Fatal stampede at Karachi factory results in police case against owner and staff

KARACHI: The owner and administration staff of a factory linked to a deadly stampede at a free ration distribution point in Karachi have been booked by police, according to reports on Saturday.

At least 11 women and children were killed on Friday after hundreds of people gathered at a factory in Sindh Industrial Trading Estate (SITE), the city’s industrial area, to collect edibles — which is part of charity drives that locals hold every Ramadan to help the needy, according to Geo News.

An administration official said 600 to 700 people were coralled in the small compound. “When they opened the main gate, all the people rushed in,” added 22-year-old Fatima Noor, whose sister died in the crush.

The case has been registered at the SITE A police station and is being pursued under Sections 322, 337-H(2), and 34 of the Pakistan Penal Code (PPC) by sub-inspector Malik Asif Zia.

The first information report (FIR) said that negligence by factory staff caused the stampede. It also revealed that two factory managers had been distributing cash as zakat on behalf of the factory owner, Abdul Khaliq, for several years.

The nominated suspects include Khaliq, the managers, and seven others, and eight suspects, including the owner and managers, have already been detained for questioning.

Murad Ali Shah, the chief minister, has ordered an investigation into the incident. He also asked charities and business owners to inform the police before organising such Ramadan handouts.

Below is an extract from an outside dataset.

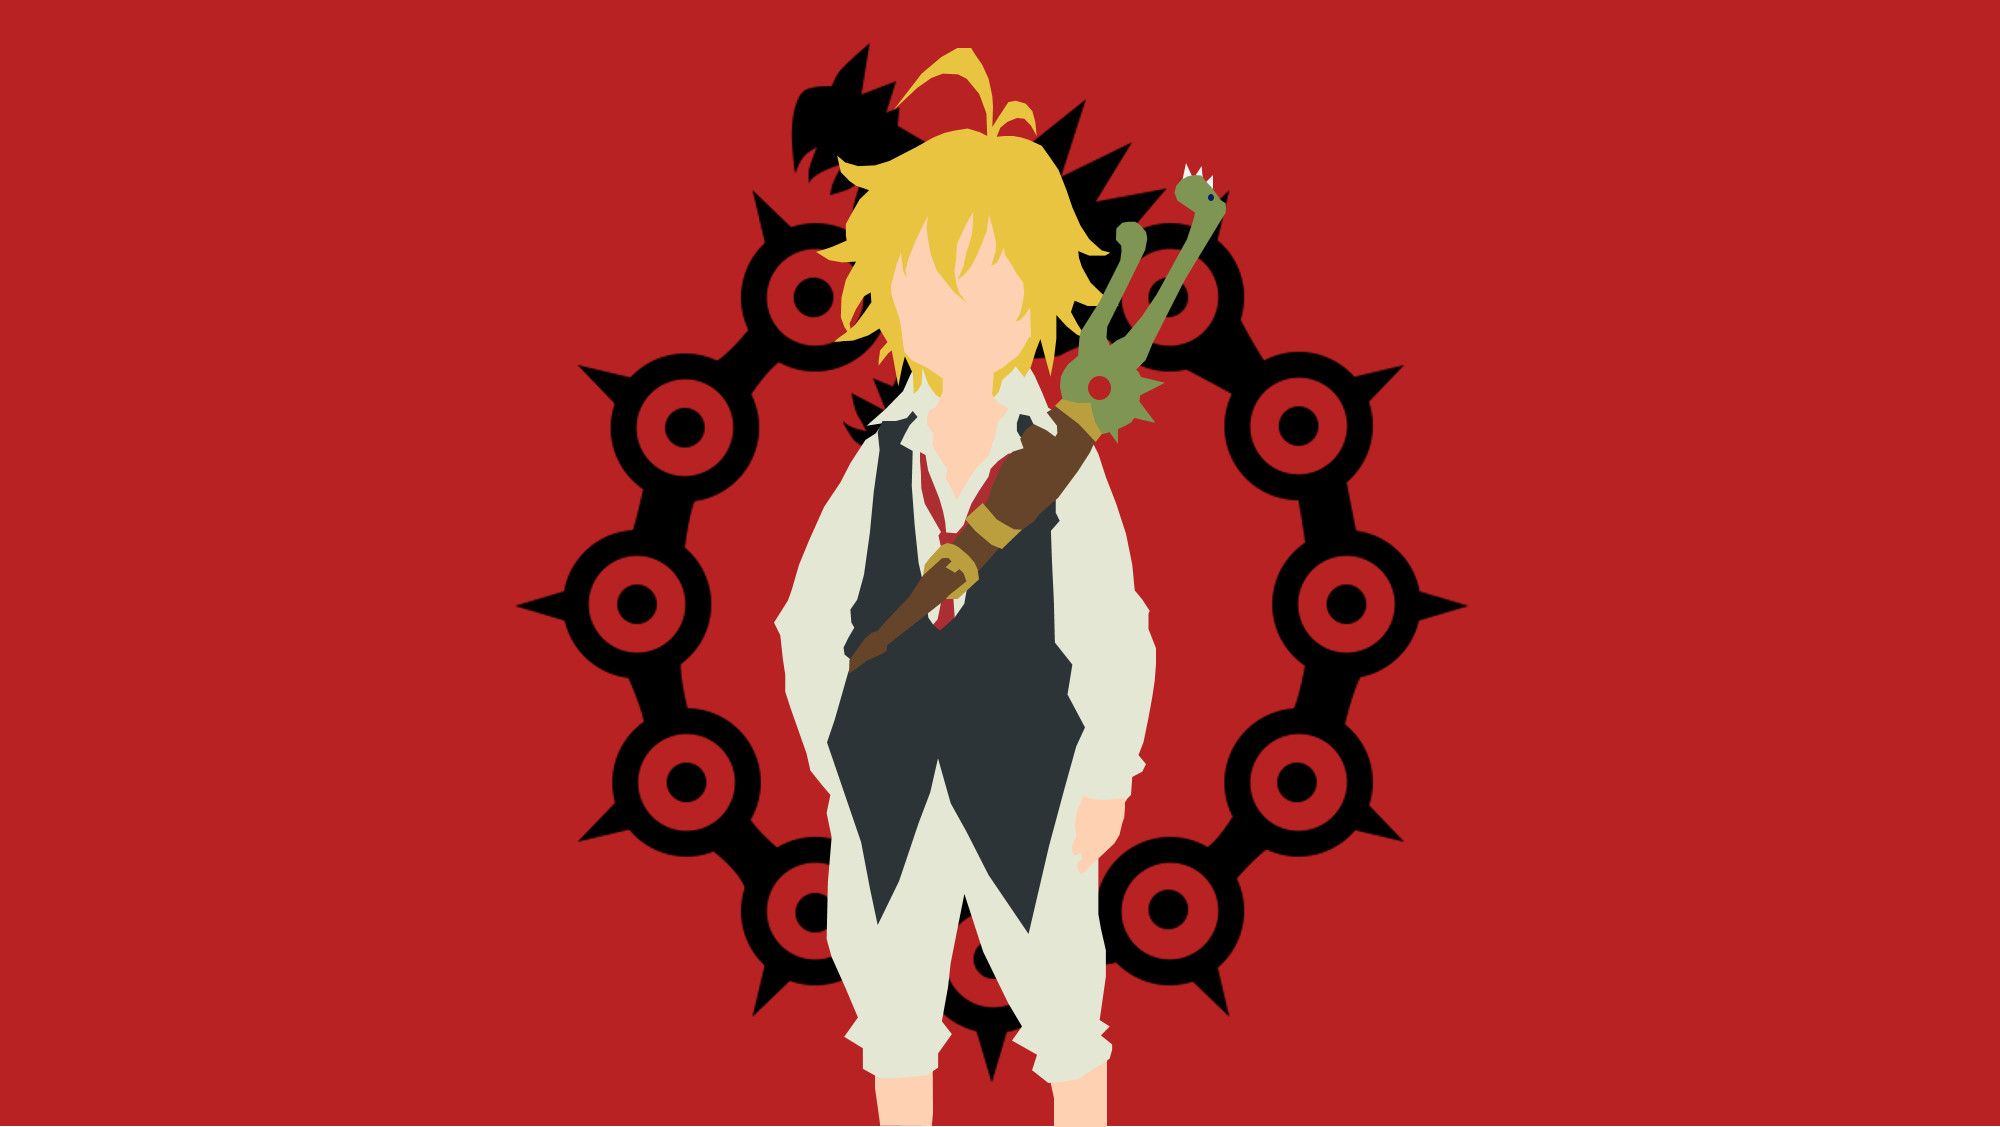 2000x1127 Meliodas from Seven Deadly Sins by Reverendtundra Meliodas from Seven  Deadly Sins by Reverendtundra
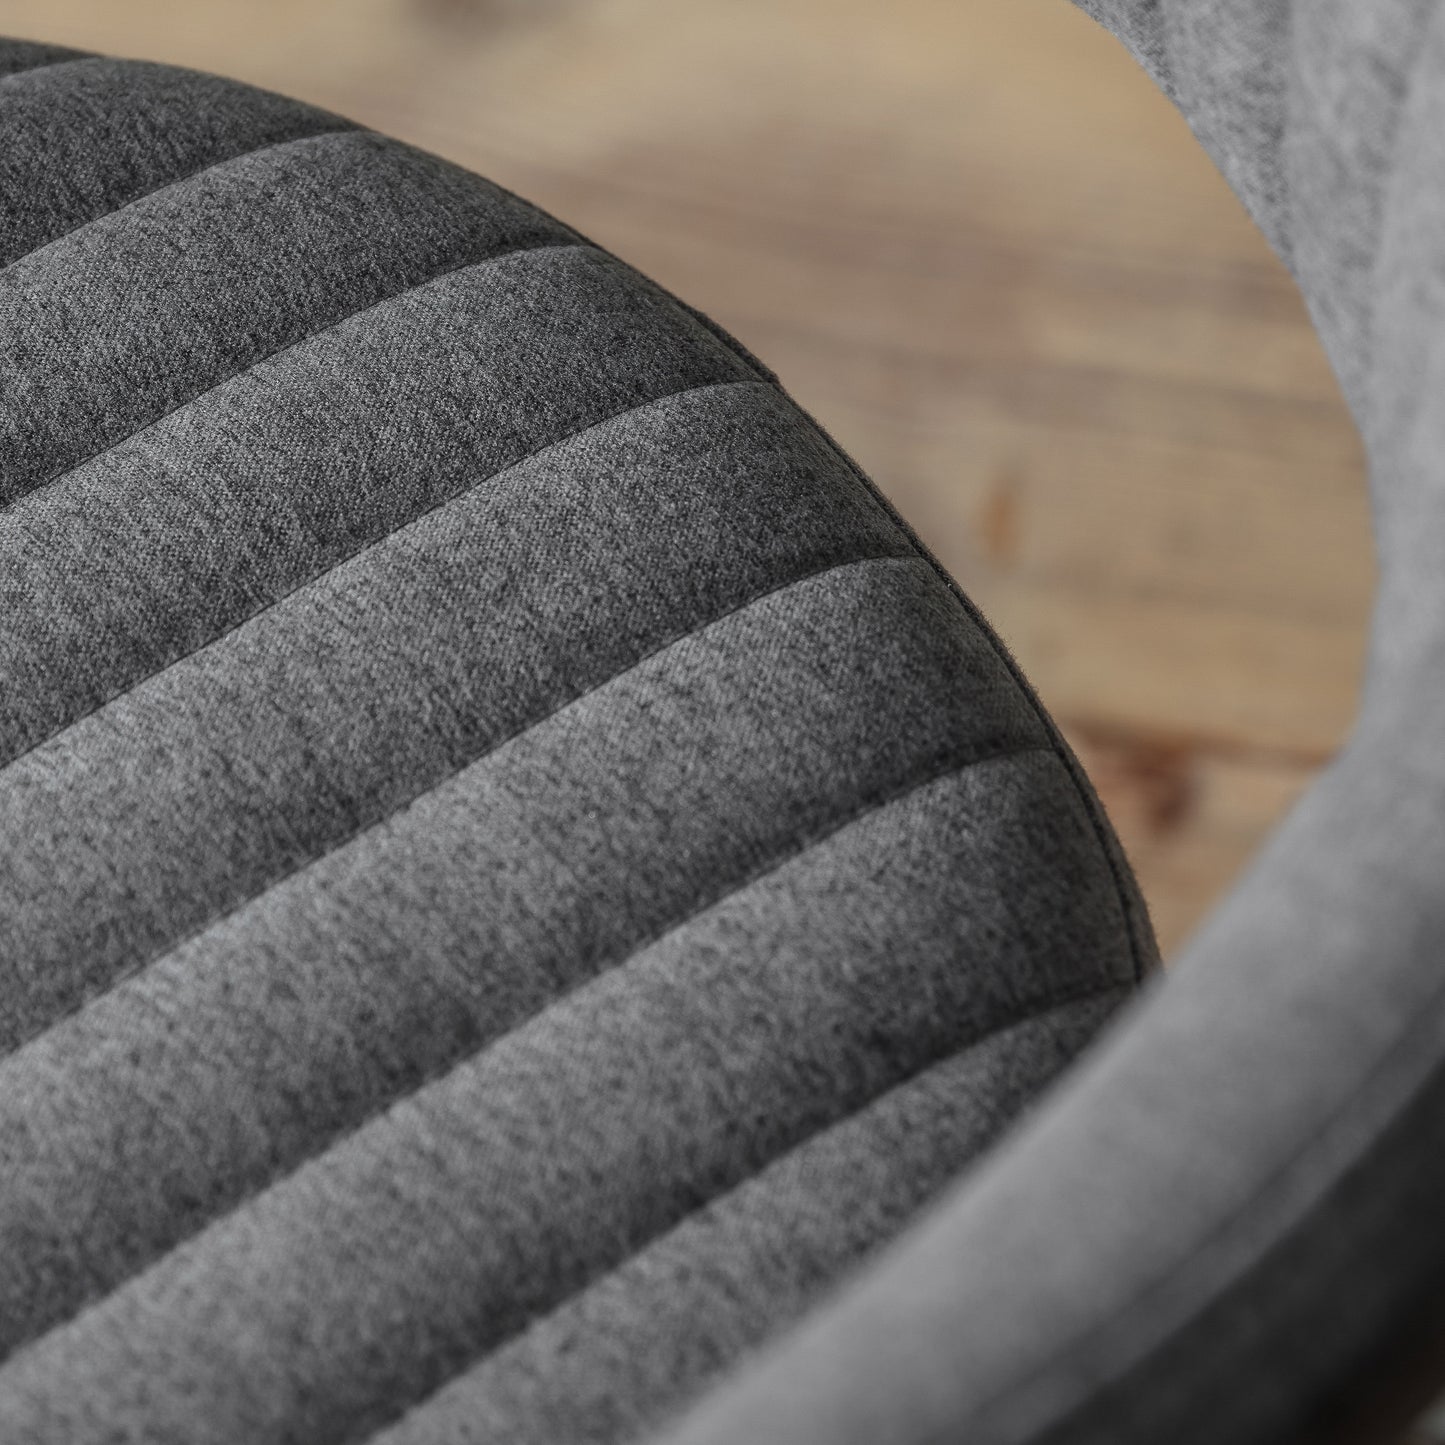 A close up of the Kikiathome.co.uk McIntyre Swivel Chair in Charcoal for interior decor.

There was no comment from the prime minister’s office. “That is a provincial subject,” a government official told The Associated Press. “CM Sindh can respond,” the official added.

It is the deadliest stampede at a food distribution point since the start of fasting during Ramadan. With the latest incident, the death toll from stampedes at free food centres across the country has risen to at least 21 since last week.

Pakistan’s finances have been hobbled by decades of financial mismanagement and political chaos. The situation has been exacerbated by the global energy crisis caused by the war in Ukraine, and the crippling monsoon floods last year which submerged a third of the country.

Weekly inflation is 45 percent, unseen since Pakistan got its independence from British colonial rule in 1947. Rising food costs and soaring fuel bills have raised fears of public unrest.

The nation is deep in debt and must enact tough tax reforms and push up utility prices if it hopes to unlock another tranche of a $6.5 billion International Monetary Fund (IMF) bail-out and avoid defaulting.